To the question " where is your husband" they say "gone to Manila" and everybody knows this is Filipino divorce. Divorce in the Philippines is abandonment and shame. Not asking the judicial system for an equitable division of the assets and liabilities of the partnership. Child support is almost never paid. Houses can't be sold easily, by either party.

Also common in the Philippines are loveless marriages. Where parties play stereotypical rolls to extend the befits of marriage as they seem to regard doing without not a viable choice. These couples are easy to recognize, they never walk the streets hand in hand, they never shop together, they go to gatherings separately, and one person usually dominates the other financially or physically. It is viewed as shameful to not live with your mate. Separation is always viewed a failure in some way.
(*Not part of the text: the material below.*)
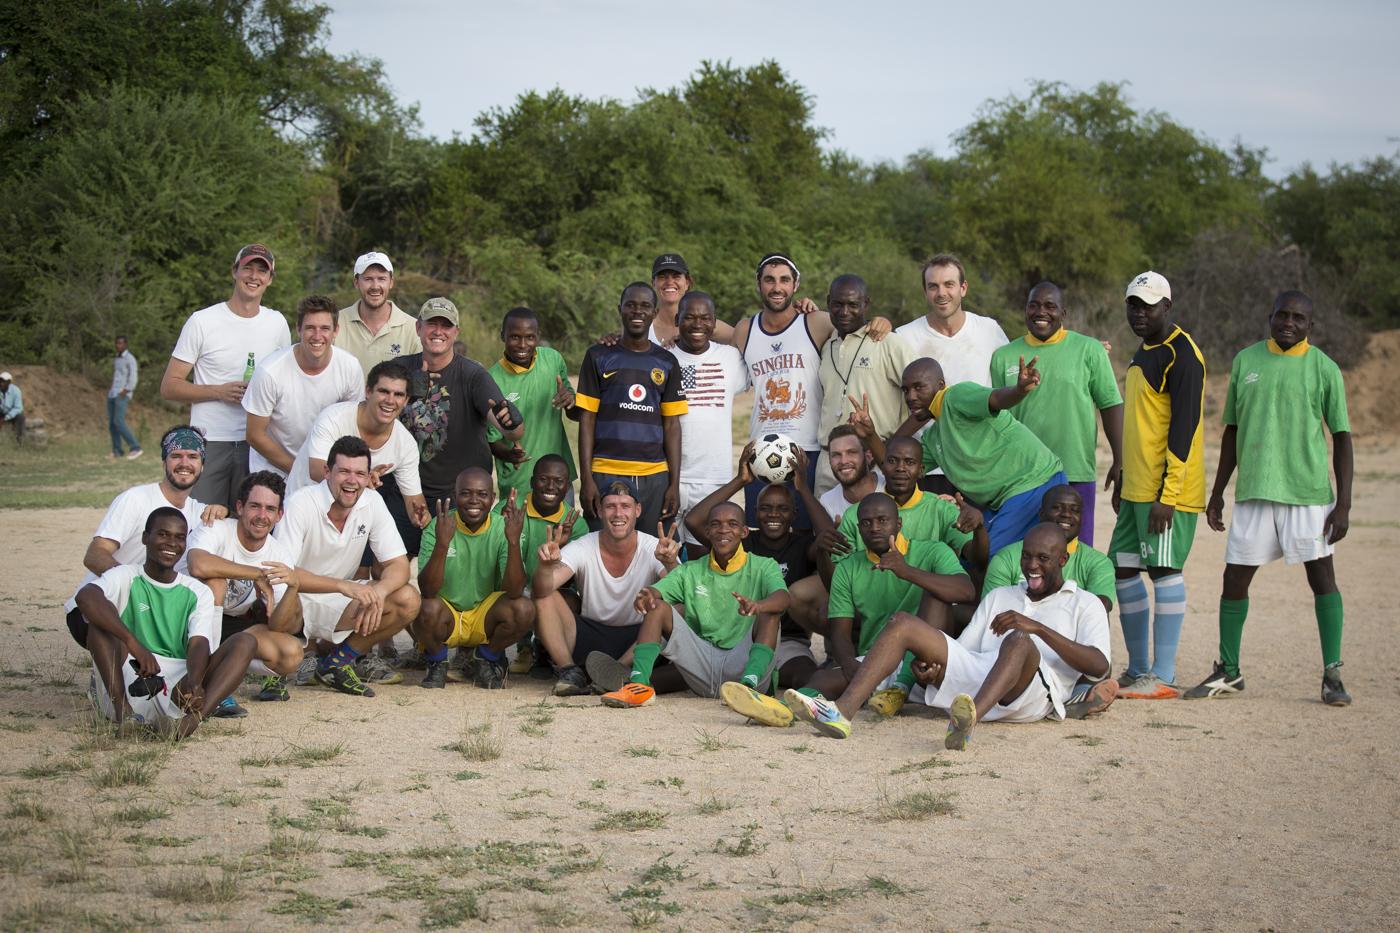 Teams Soccer

Changes are on the way though. I recently read that the family code is about to be amended to allow divorce. Even if this law is passed it will be years before it is available widely. I speculate it will never be cheap. I do know that if a Filipino marries a foreigner, and the foreigner divorces her (not the other way around) in another country, she is legally divorced in the Philippines, and so is the foreigner.

For the original poster, I suggest he moves to the Philippines. It will be mostly impossible for him to earn a living there anything like what he has earned in the USA. He will always be a "foreigner" even if he lives there 100 years. Perhaps he is retired. The other choice is to work in the USA and visit his "wife" when he can save up. This also is a difficult choice as it requires two homes, and the costs of maintaining such. The ticket price over and back is nothing compared to paying rent, utilities on houses you are not living in. Not to mention the loneliness of months and months away from your family. The heartache of troubles in the Philippines you can't solve when you must go to work in the morning, or the reverse finding you do not have a job after returning to your home country, but the bills are waiting.